> [TO DO]
Please restate the listing word for word, omitting the images.

> [RAW DATA]
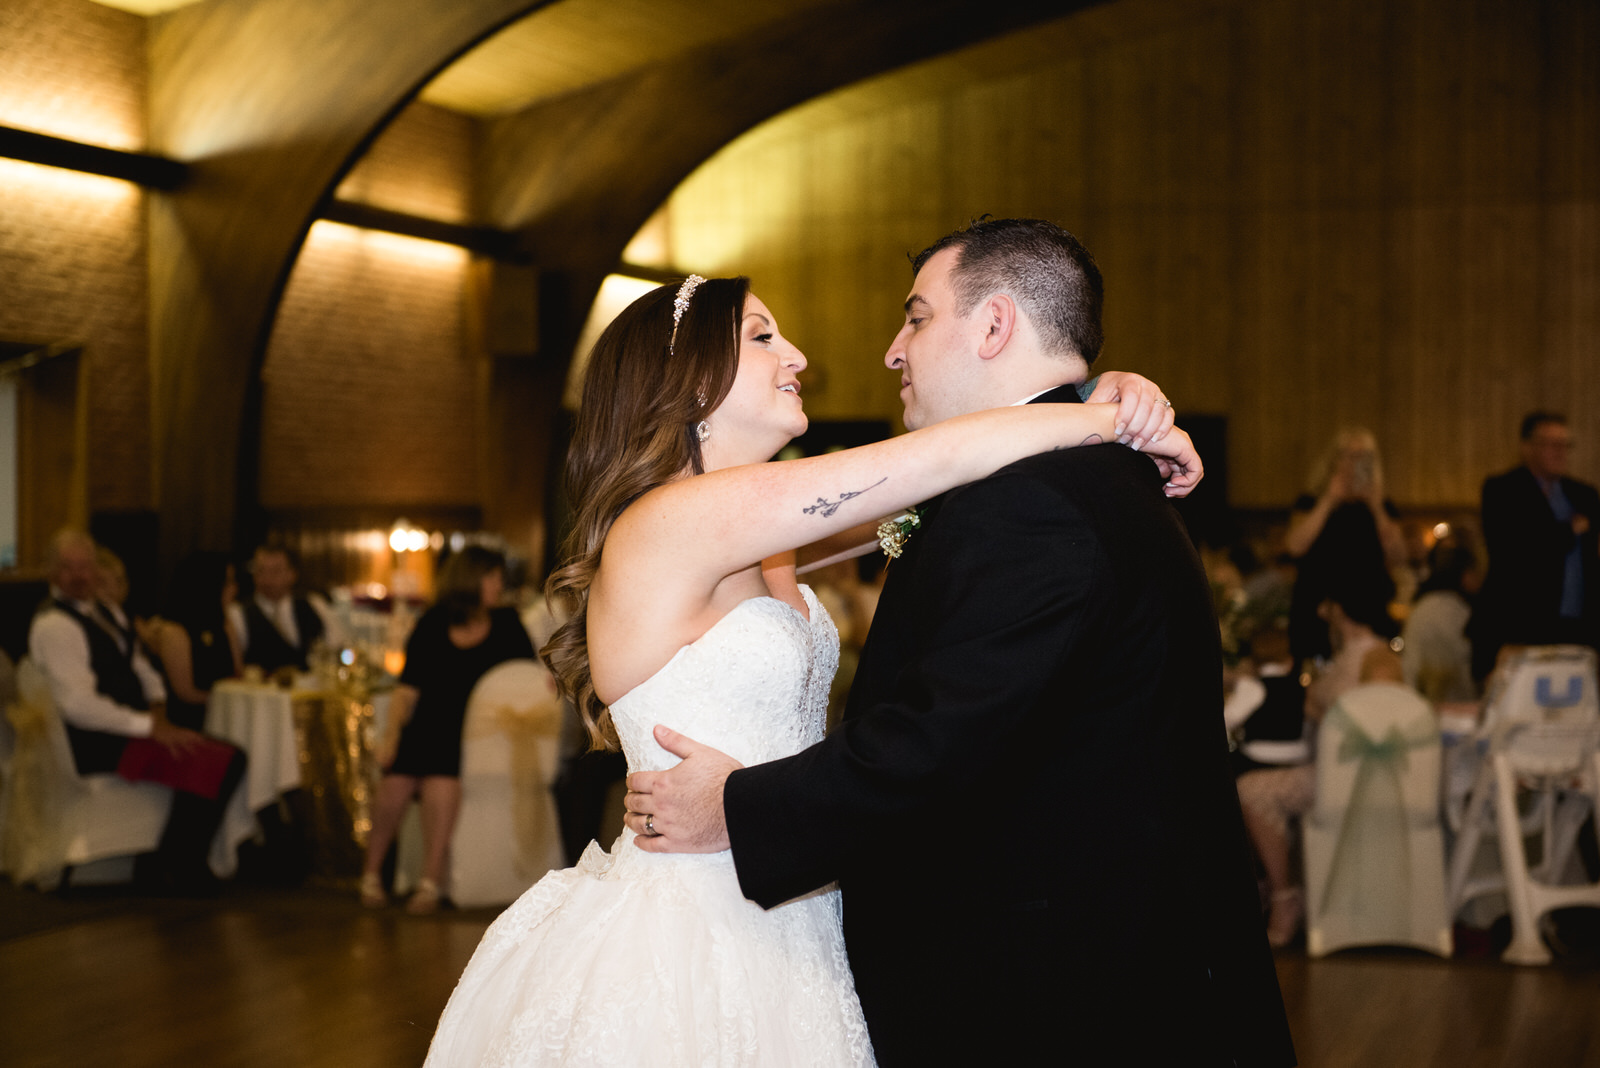 Laube_Banquet_Hall__Wedding_Photos_075.jpg
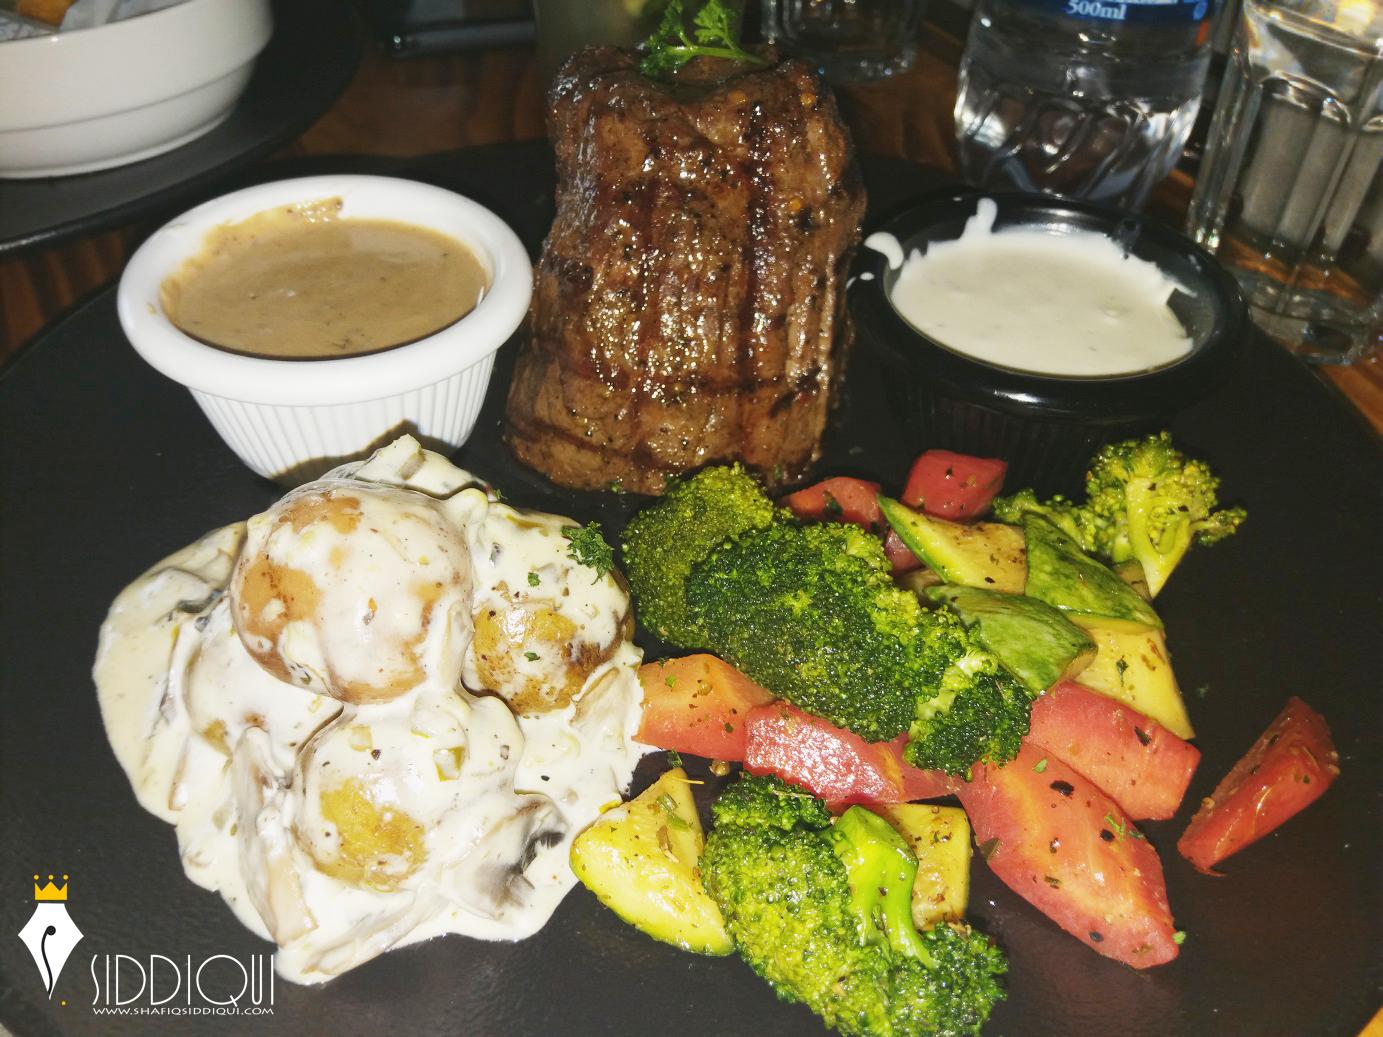 Meat-the-cheese-shafiq-siddiqui-7
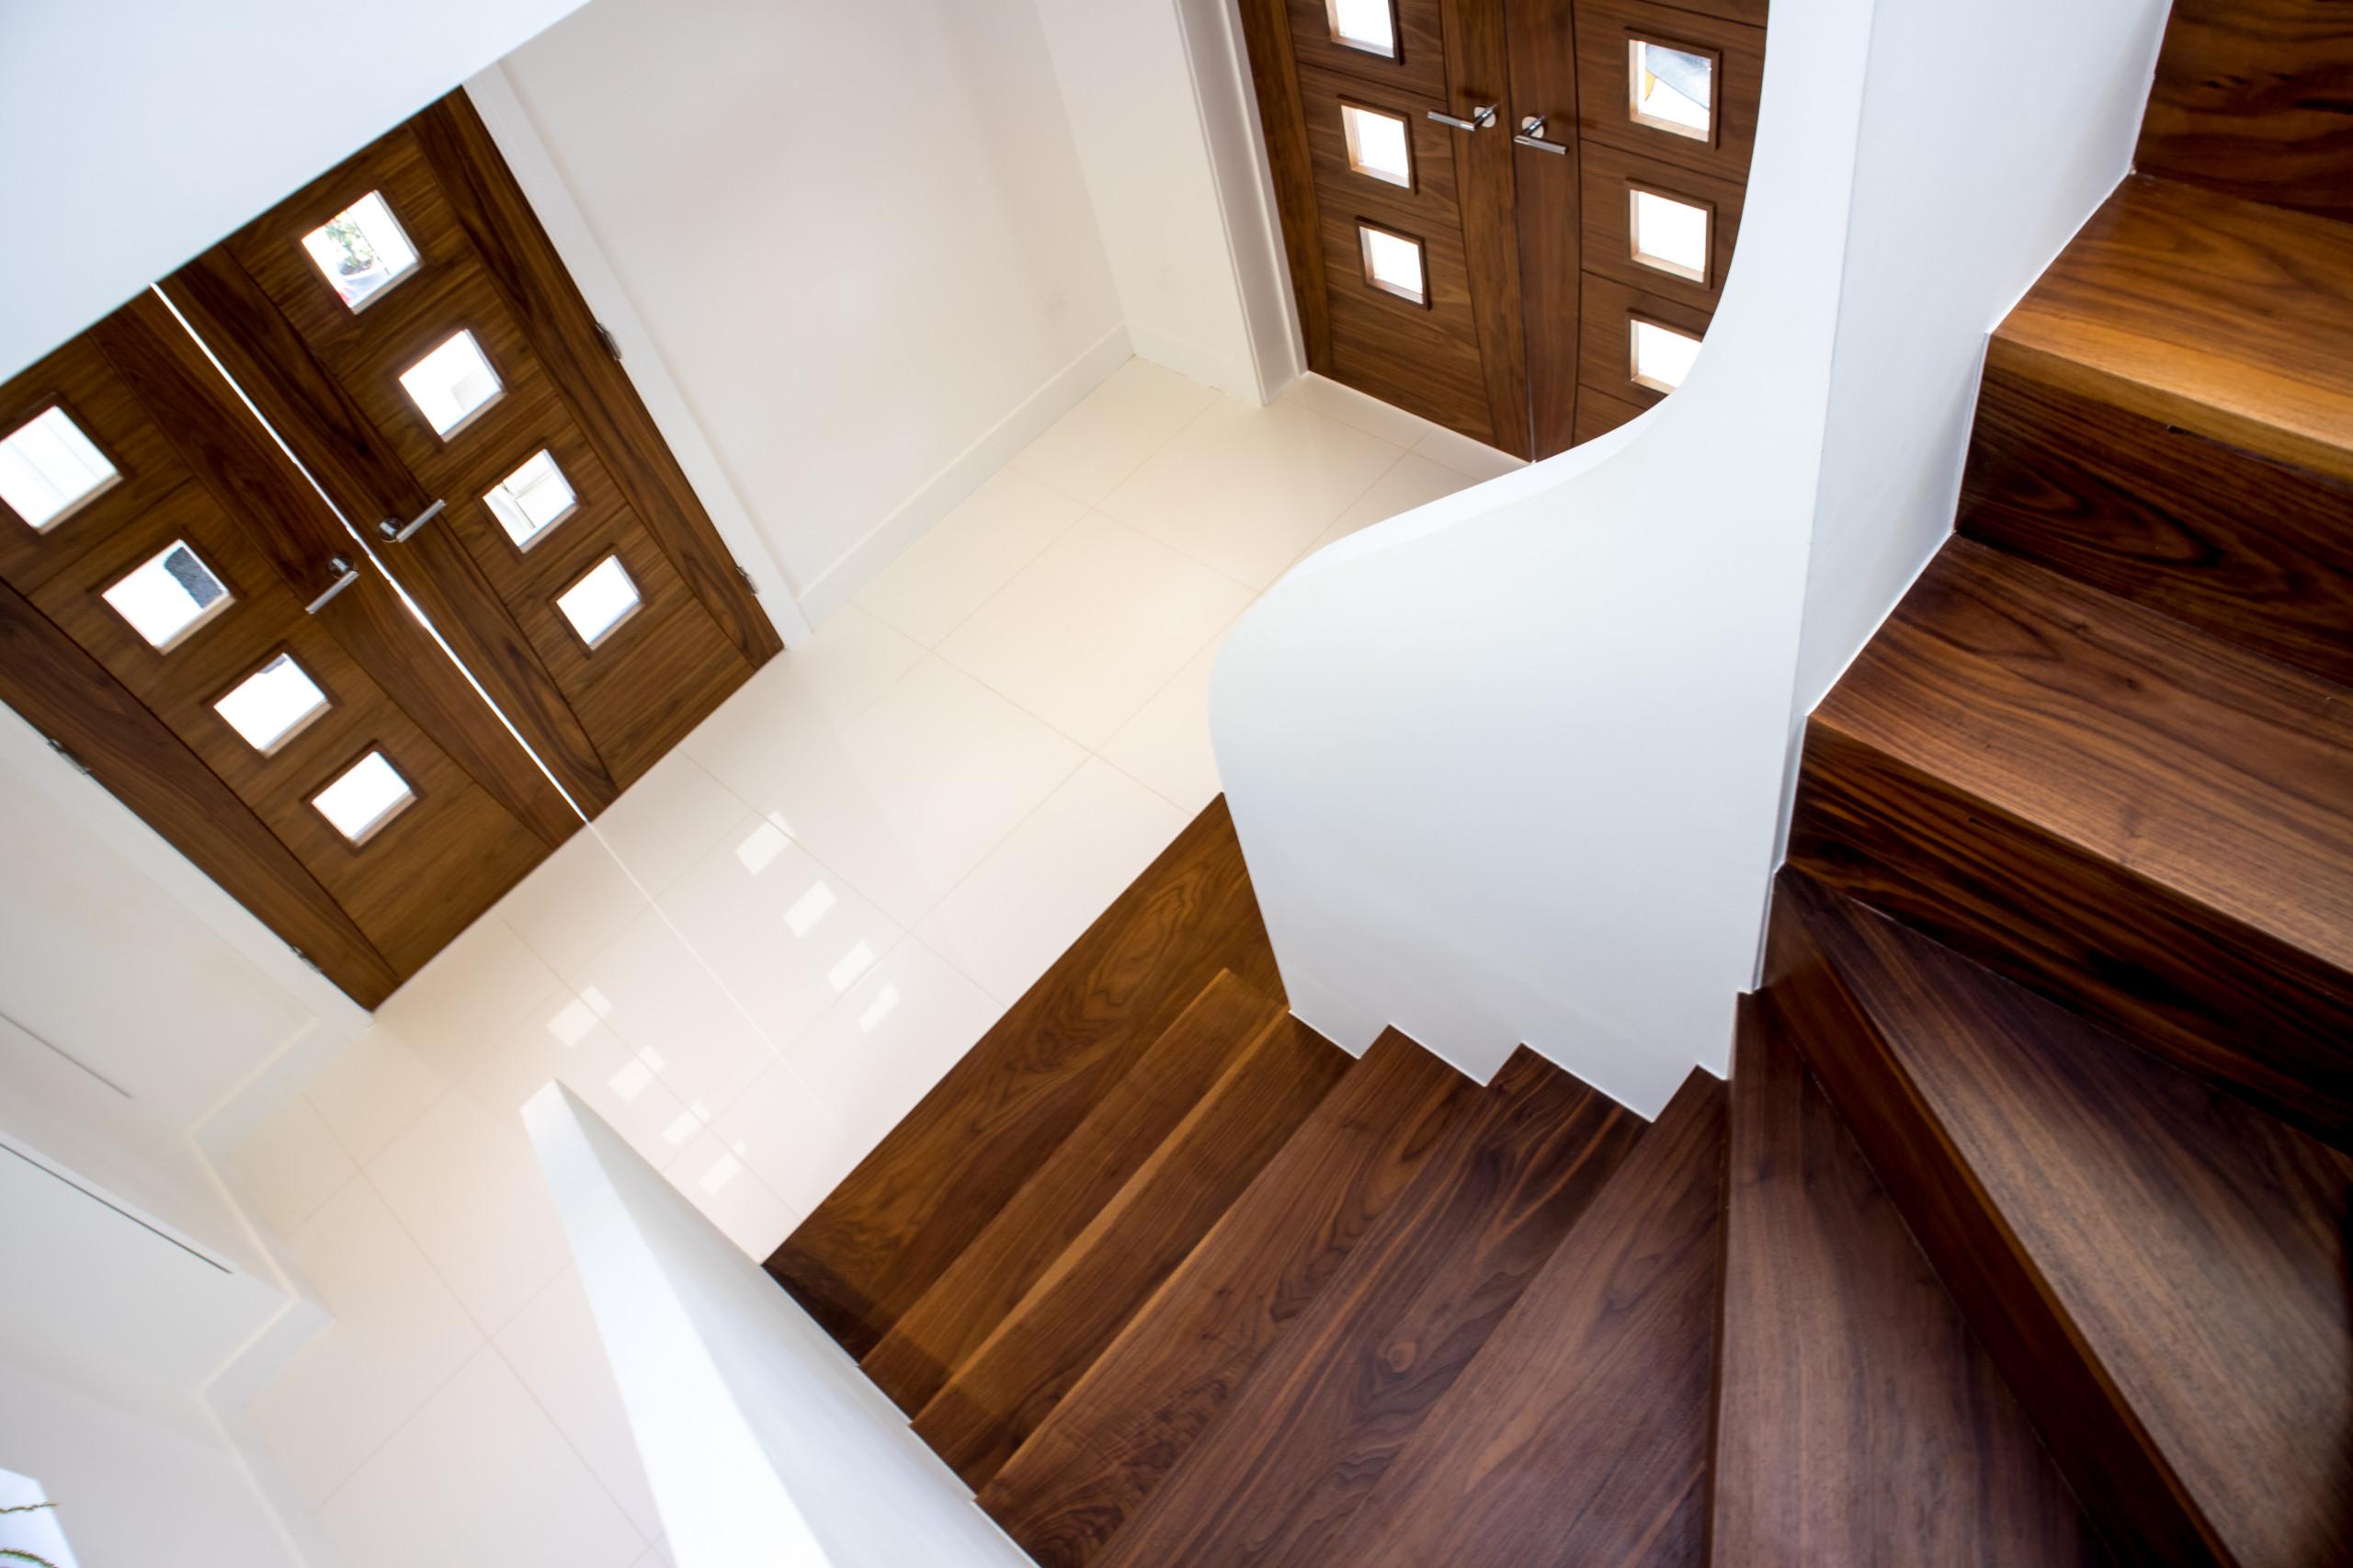 Walnut Staircase - Winders

> [EXERCISE SOLUTION]
 Laube_Banquet_Hall__Wedding_Photos_075.jpg
 Meat-the-cheese-shafiq-siddiqui-7
 Walnut Staircase - Winders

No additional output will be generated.